New research published in Nature Medicine finds two subtypes of gene expression in peritoneal carcinomatosis (PC) that correlate with patient survival. PC is a kind of metastatic gastric cancer in the peritoneal (abdominal) cavity. The research comes from scientists at The University of Texas MD Anderson Cancer Center.
PC occurs when cancer cells spread to the peritoneal cavity and attach to the stomach and other organs, resulting in fluid accumulation; unfortunately, patients have an overall survival of fewer than six months.
"PC represents a major unmet clinical need, as we don't have effective treatment options available for these patients," said co-corresponding author Jaffer Ajani, M.D., professor of Gastrointestinal Medical Oncology. "Based on our findings, we need to move toward profiling these cells in each patient in order to offer more tailored treatment options."
In carrying out the study, the researchers analyzed over 45,000 individual cells from patients with PC. This in-depth analysis is the most extensive that has been conducted.
"In order to better treat patients with PC, we first have to understand the populations of metastatic cells in the peritoneal cavity," said co-corresponding author Linghua Wang, M.D., Ph.D., assistant professor of Genomic Medicine. "This is the most detailed analysis of these cells performed to date. That is the power of single-cell analysis -- we are able to look at every single cell and get a picture of the landscape."

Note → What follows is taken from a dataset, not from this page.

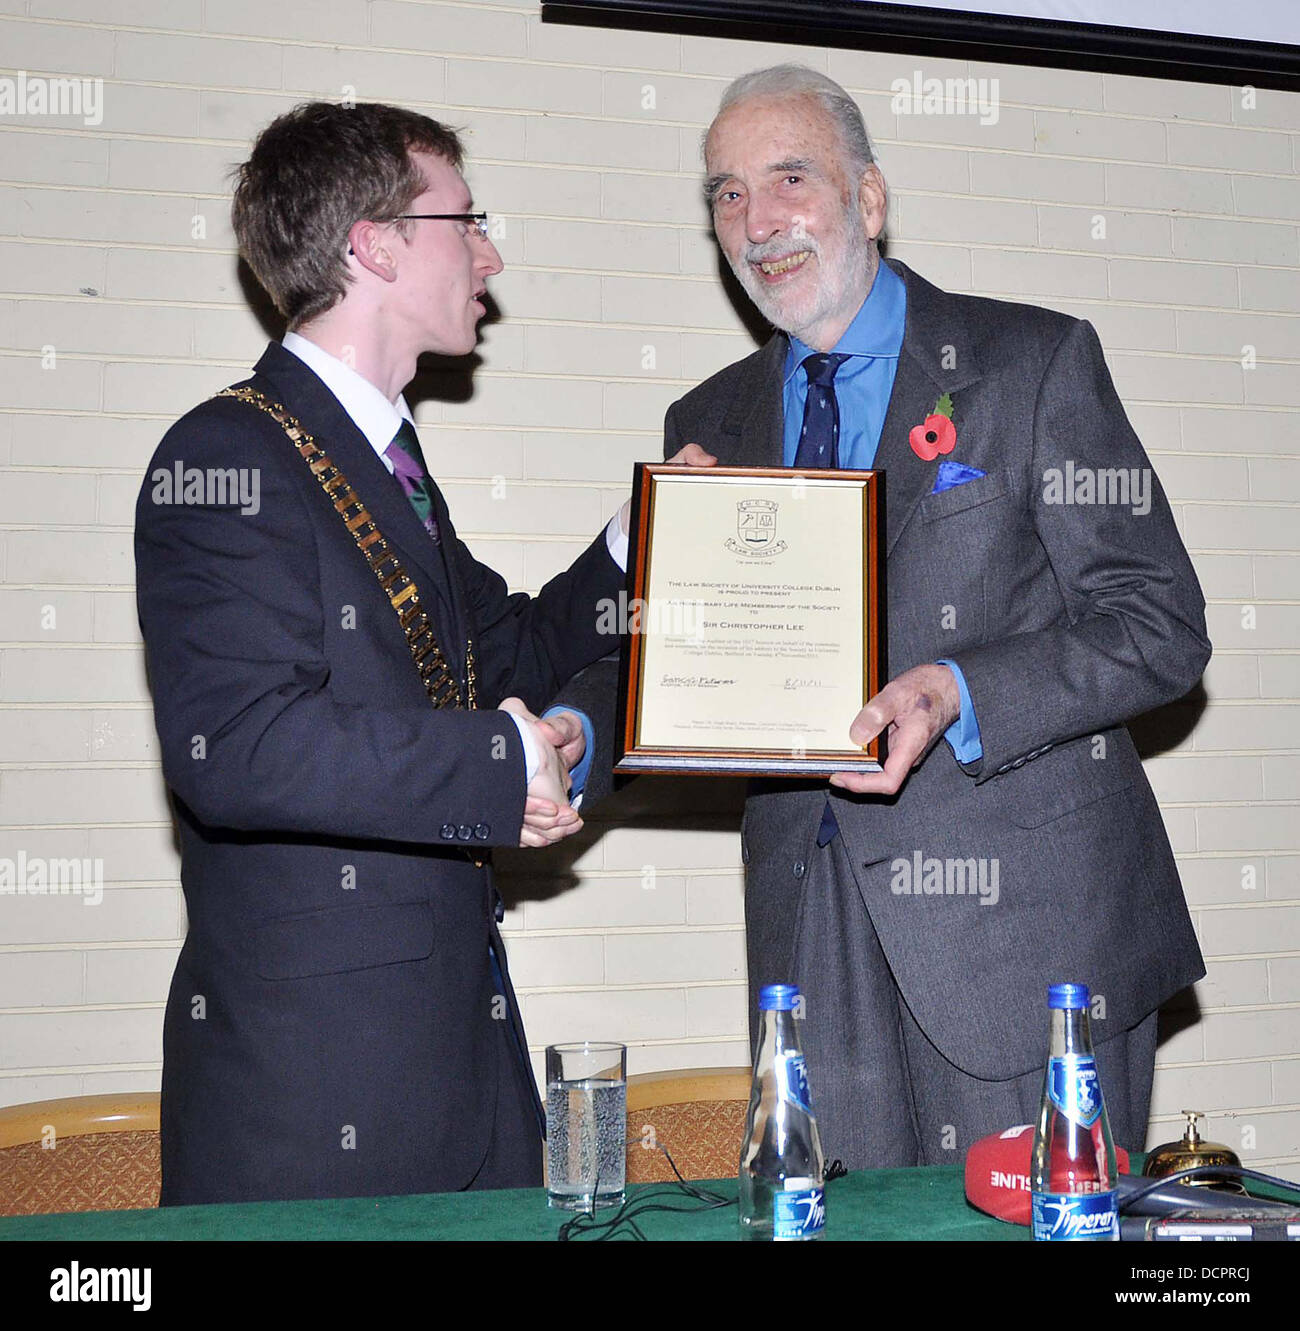 Sir Christopher Lee awarded with an Honorary Life Membership by the UCD Law Society. Dublin, Ireland - 08.11.11 Stock Photo

In their analysis of the cells, the team noticed a clear distinction between two different types of cells and their correlations with survival. Wang explains: "The intriguing aspect is that, by classifying tumor cells based on lineage compositions, we noted two groups of patients. The more gastric-like PC cells had an aggressive phenotype and were associated with shorter survival. However, the more intestine-like PC cells were less aggressive, and patients had longer survival."
Based on this information, the researchers were able to develop a gene expression signature that allows for a more accurate prediction of patient survival than current tools. The team says they hope that their findings can be used to guide treatment decision-making processes.